During the labeling process, few issues arose on how to semantically define a conversation. With many different log formats, ranging from AOL Messenger to SMS and other online platforms, the sentences would start and stop at different points. In conversations, I implemented a similar format as used in the competitively-used Cornell University’s movie corpus that provided a standard structure making it easy to parse the data. Additionally, the corpus contained chat slang, abbreviations, and number-for-words, like “l8r” for “later” and “b4” for “before”, which required a team consensus on how to handle these stopwords. The team did not focus on timestamps due to extremely varied formatting, missing values, and lack of importance to the overall project.
The Model
Many models presented as candidates to the chatbot’s internal workings. The main goal for the team was to have a local and offline solution for now. This was done to reduce privacy concerns and legal issues. Future considerations of this project would evaluate these features with appropriate development operations.
The selected model focused around a Long Short Term Memory (LSTM) network cell, arranged as a sequence-to-sequence configuration. LSTMs have long been proved well-suited to work with sequential data. Our application would use this ability to help the chatbot predict the next plausible word to use for response.

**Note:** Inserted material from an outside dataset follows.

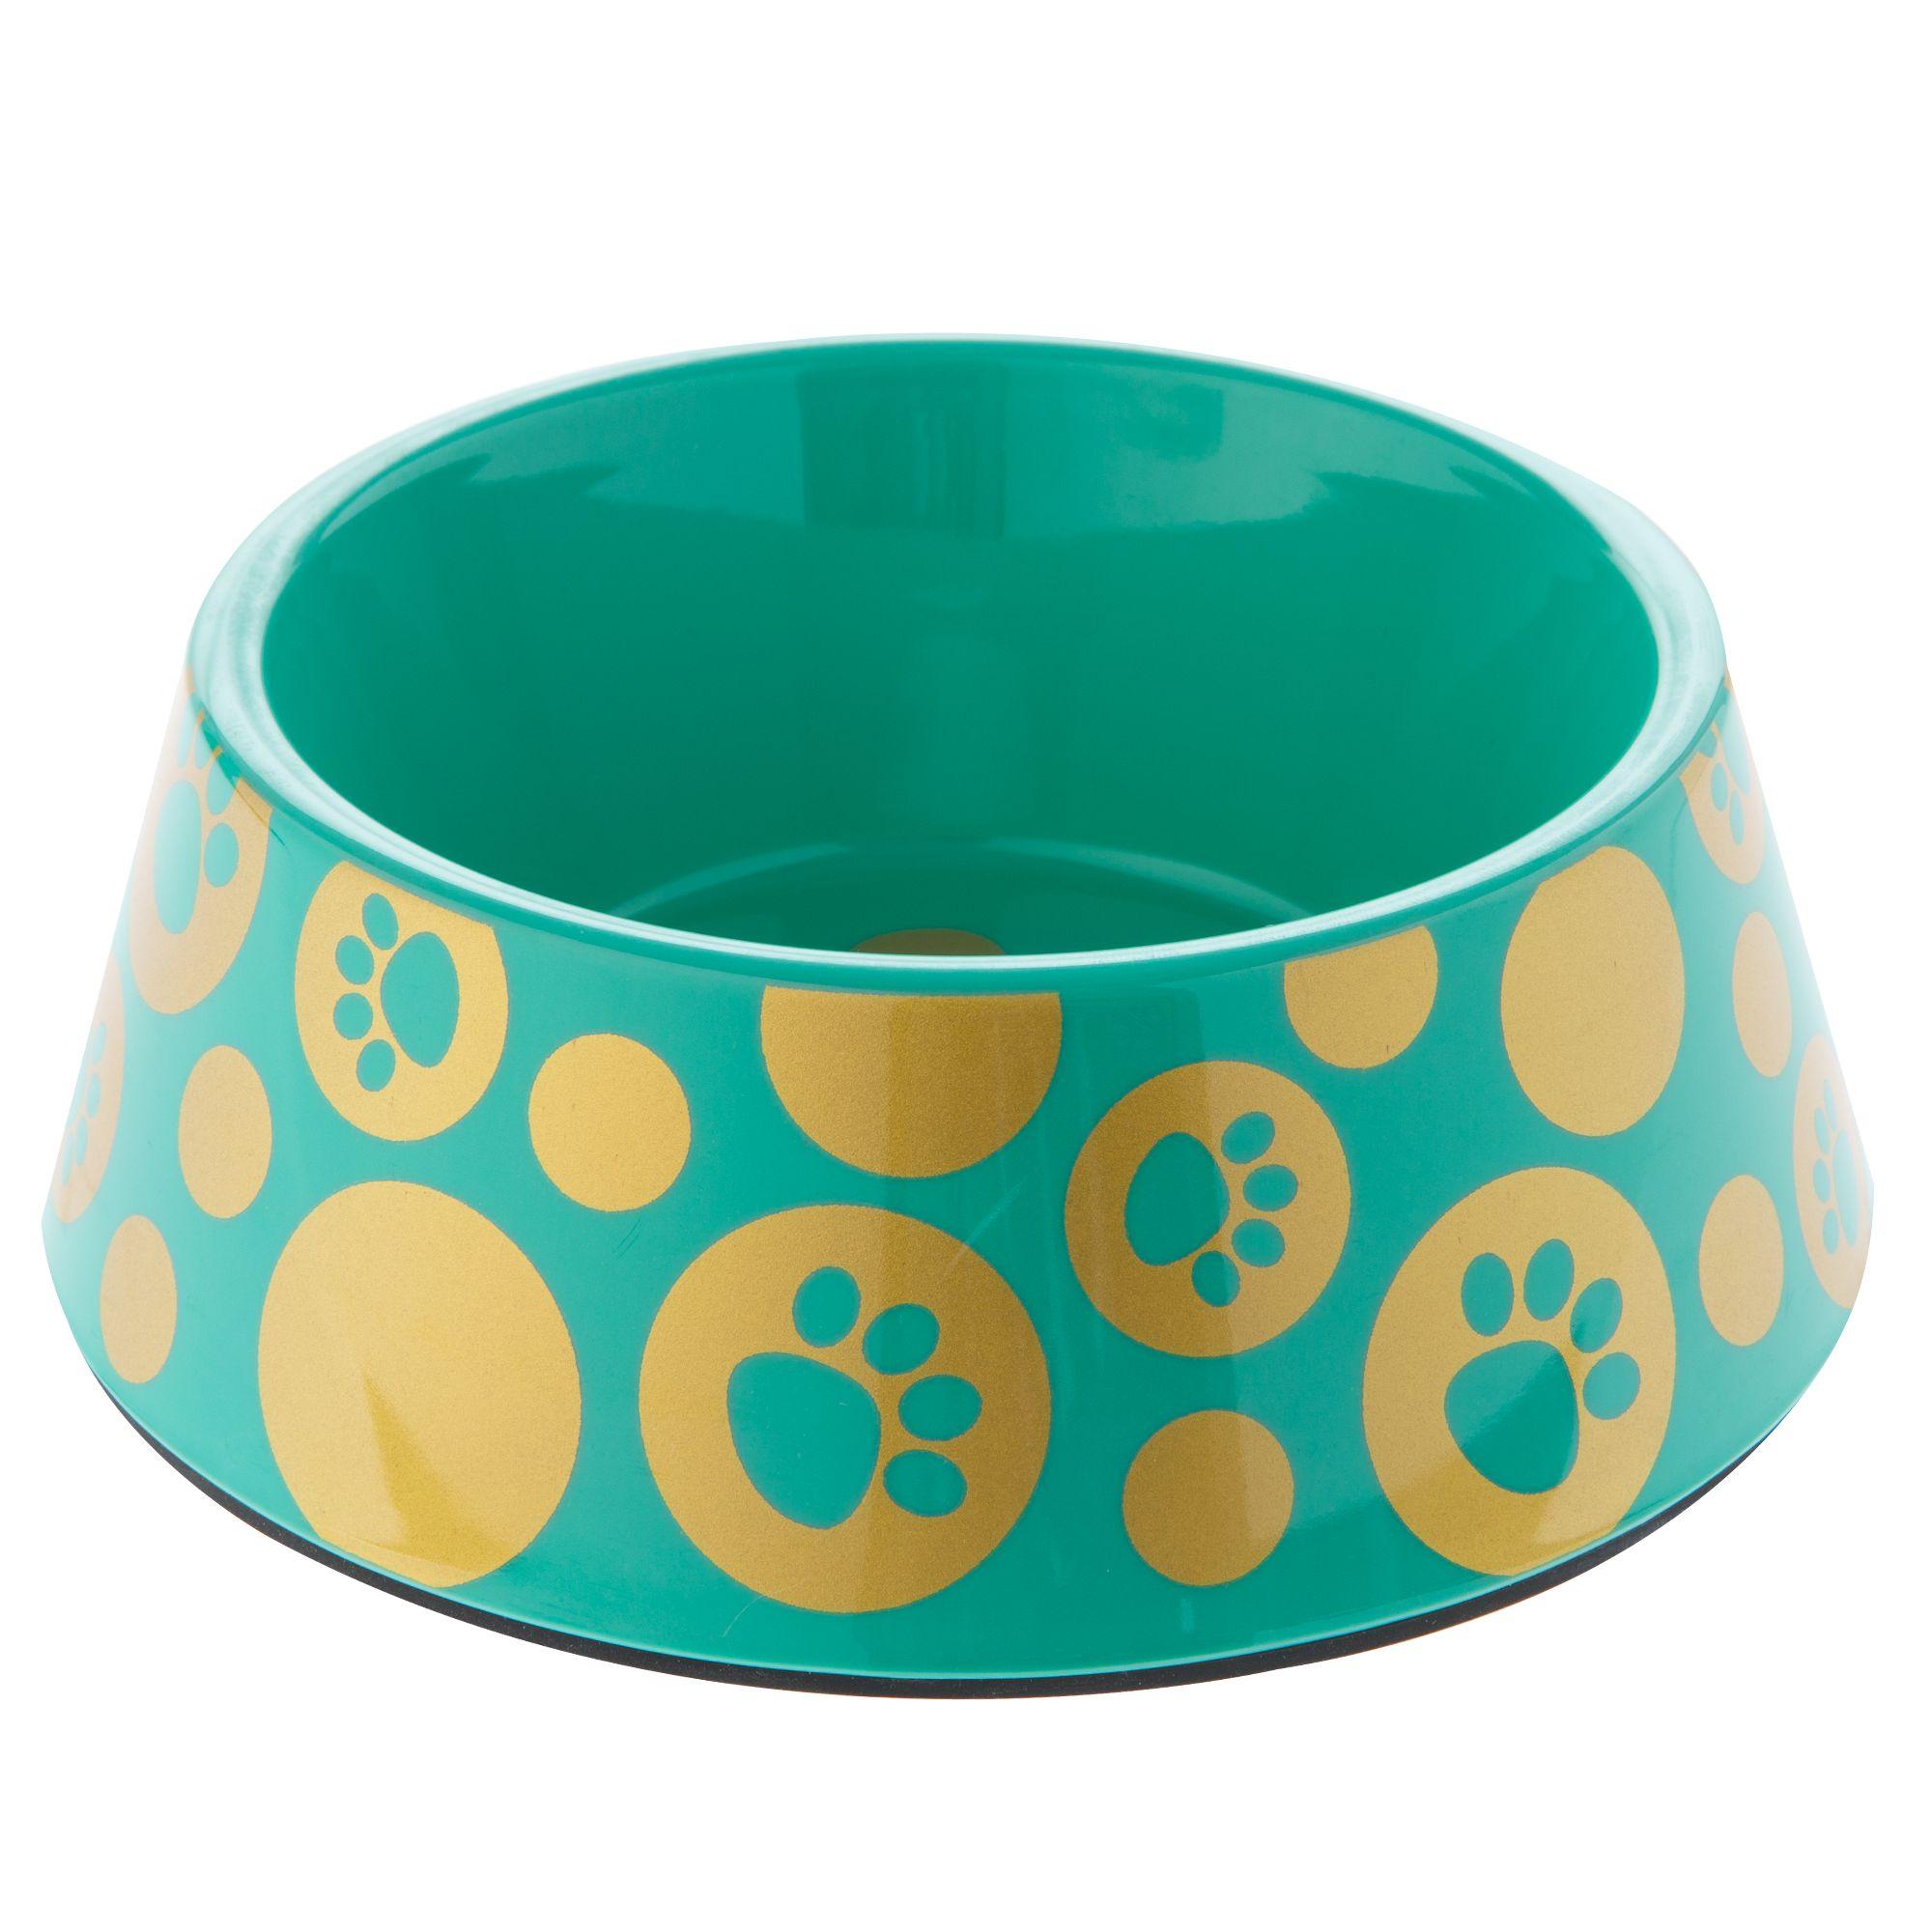 Top Paw Glitz Paws Dog Bowl size: 1.5 C, Turquoise 5250221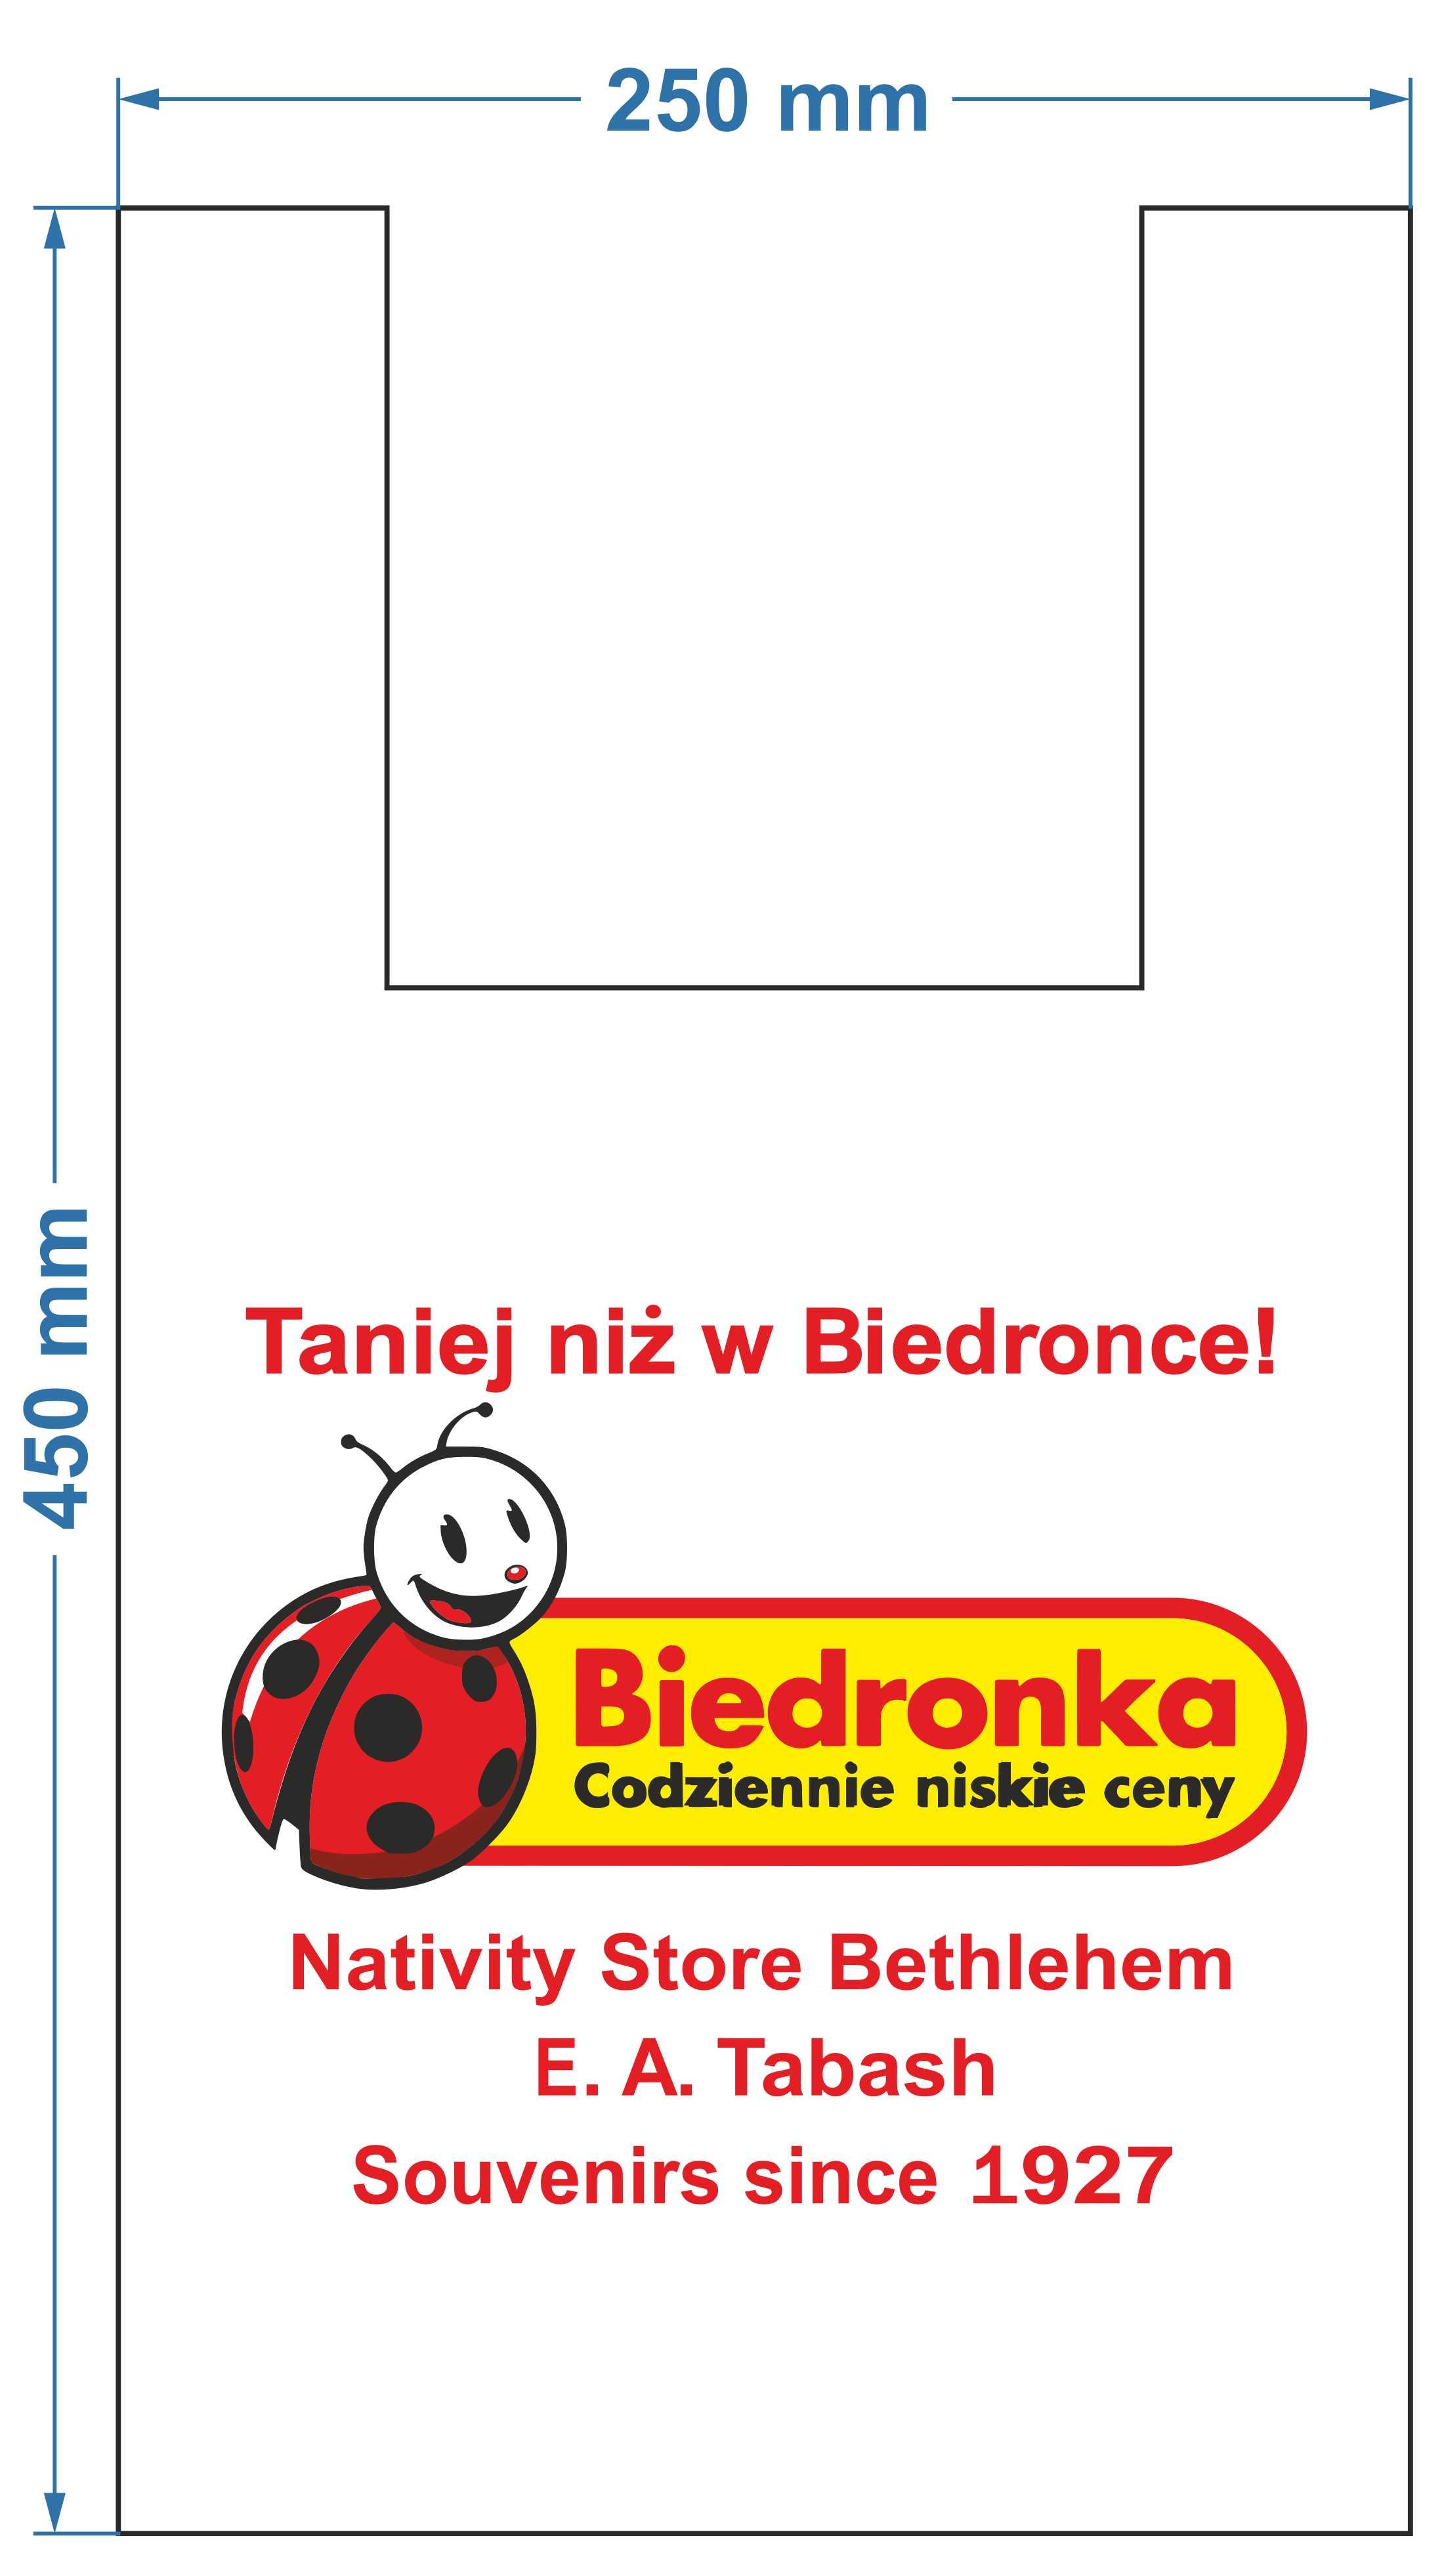 reklamówki_biedronka

For the sentiment analysis portion, we focused our efforts on an ensemble learning model as well as a support vector machine to help predict when the conversation changed from benign to risky.
Conclusion
Our team successfully built a chatbot and a sentiment analysis model independently. The chatbot learned from its more than 807,000 messages to understand how to parse sentences and structure a proper response. The limited vernacular stemmed from the chatbot’s time to learn and framework limitations.
The greatest challenge to code performance-centered inside the platform chosen, TensorFlow 1.0.0, provided limitations. The code did provide a conversation-capable entity, but the model needs more training data if we want to go beyond proof-of-concept to deploy it in an application.
The project successfully employed message sentiment analysis and was able to warn the user of potentially risky conversations initiated by online predators. The sentiment analysis ranged from low, medium, or high levels of risk.
Future considerations will take this project into a full-functioning environment of TensorFlow 2.1.0, eliminating other frameworks, including PyTorch. The internal model will receive an update to the LSTM structure and performance will be improved with the use of graphics computing processors, such as NVIDIA and its cuDNN framework.